PS. Tylko kawę piłem. A dzisiaj wreszcie zdjąłem flagę z domu. Po zwycięstwie!
Piękne były te sceny moknących i wzruszonych ludzi. I wyobrażasz sobie! Nie był za Karolem cieć, który by osłaniał naszego kandydata ogromnym parasolem.
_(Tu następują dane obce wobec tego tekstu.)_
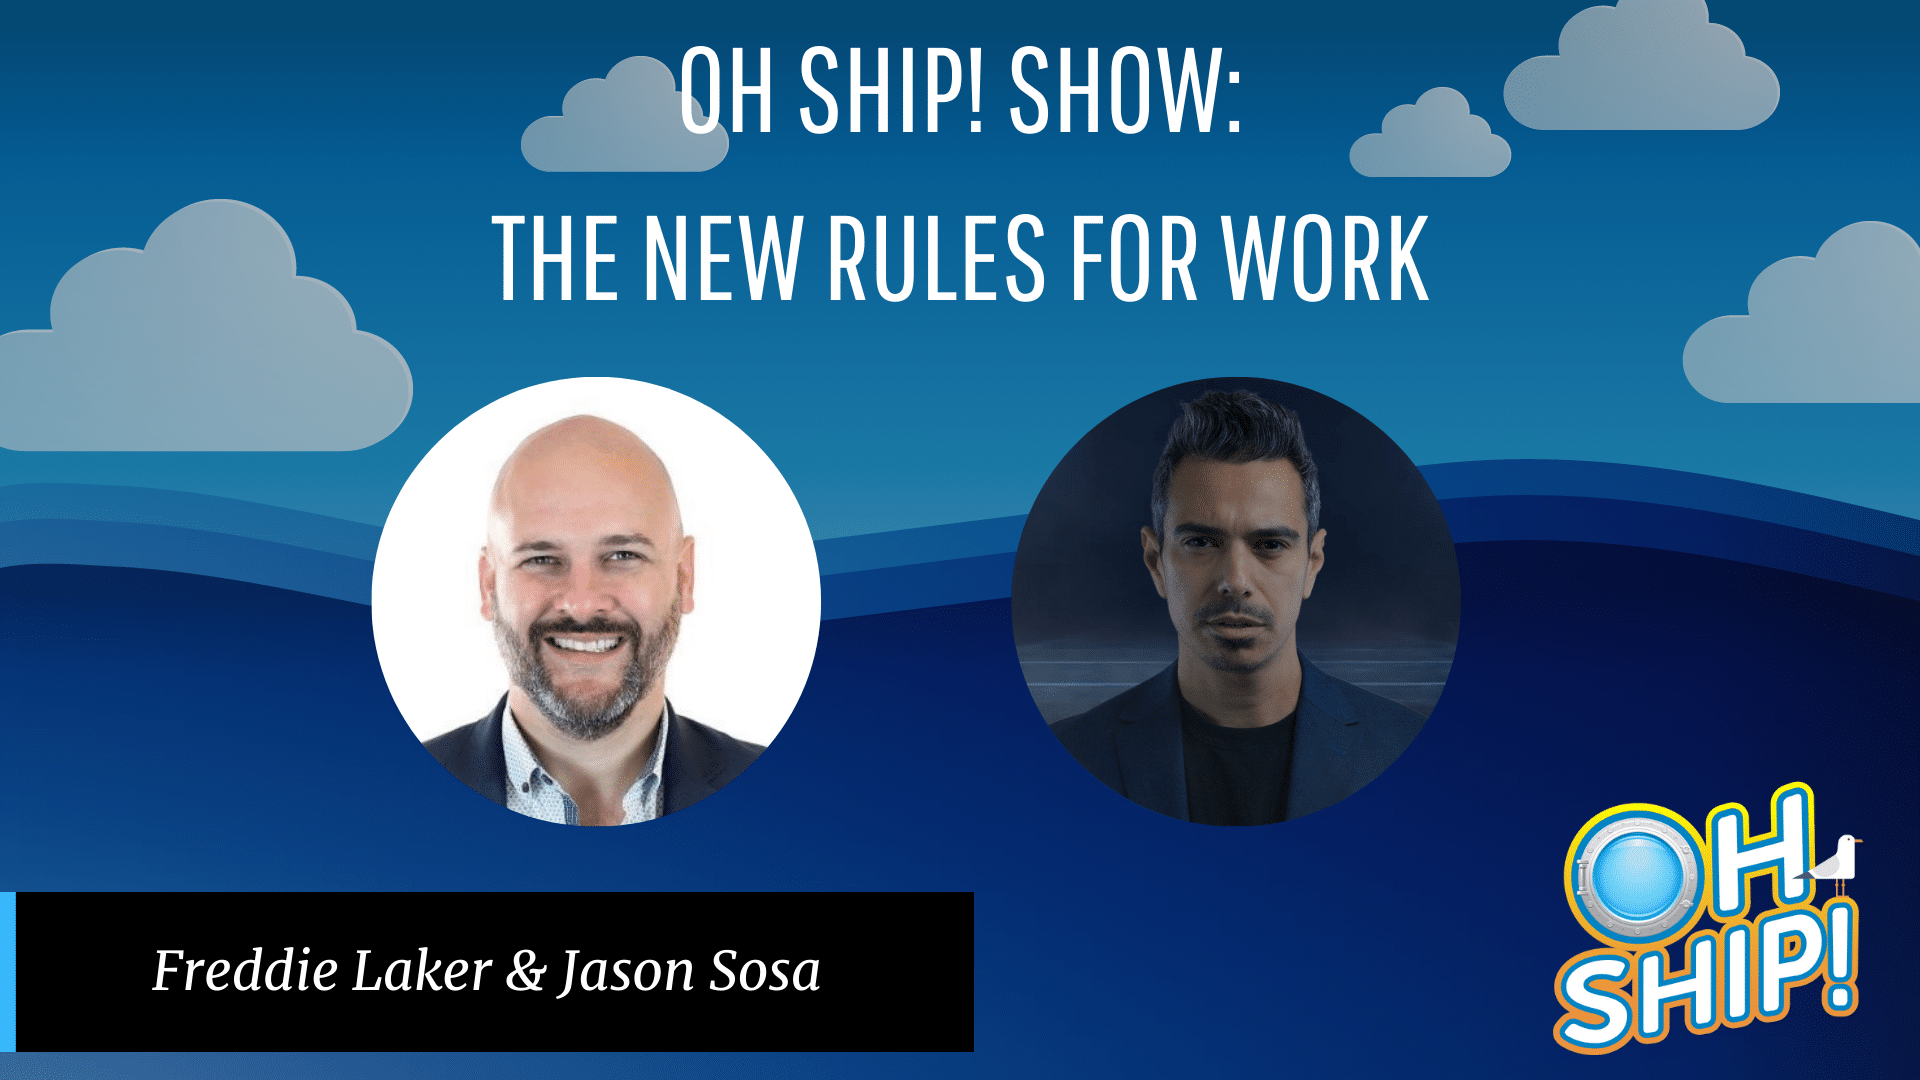 A promotional image for "Oh Ship! Show: The New Rules for Work" features photos of two men: one smiling bald man on the left, labeled "Freddie Laker," and one serious-looking thought leader on the right, labeled "Jason Sosa." The background showcases clouds and the vibrant "Oh Ship!" logo.

Czy zwyciężyliśmy rzeczywiście okaze się juz niebawem. Teraz jest pytanie: czy " efekt Nawrockiego" pozwoli na przewartościowanie i redefiniowanie układu sił po prawej stronie politycznej sceny. Sprawdzianem zaistnienia możliwości takiego zjawiska będzie już skład personalny kancelarii przyszłego prezydenta jak i dopuszczonych do jej orbity zastępów doradców, skuteczność formatowania BBN, nie mówiąc o wypelnianiu podjętych na finiszu kampanii zobowiązań wobec nieformalnych " koalicjantow" . Nawrocki doświadczenia w politycznych podchodach nie ma żadnego, więc ostroznie z fanfarami. Raczej należy się zastanawiać- i to dosyć intensywnie- na jakim składzie osobowym może się oprzeć aby nie został wystrychniety na Dudę. A my razem z nim.
W standardach zachowania nic się nie zmieniło więc nie powstanie żaden dodatkowy efekt, poza Izerą - ta jest zawsze.
Nie wyjechali, bo byli pewni, że Wrocław znowu stanie się Breslau, a Gdańsk Danzig. Ale wyprasowane brunatne koszule trzymają w szafie.
W Breslau i Danzig potrzeba dużo chętnych do mycia kibli i sprzątania . Nawet studia pokończyli . Pacz Pan Panie jak się kolorowy wkurwia . Teraz to chyba na praktykę do Berlina pojadą "bo pracy nie będzie w specjalności "., jak mawiał pewien słynny Wrocłąwianin z Polsatu . Oni po prostu chcieli zostać enerdowcami w Polsce . A tu taki numer i "wszystko w pizdu".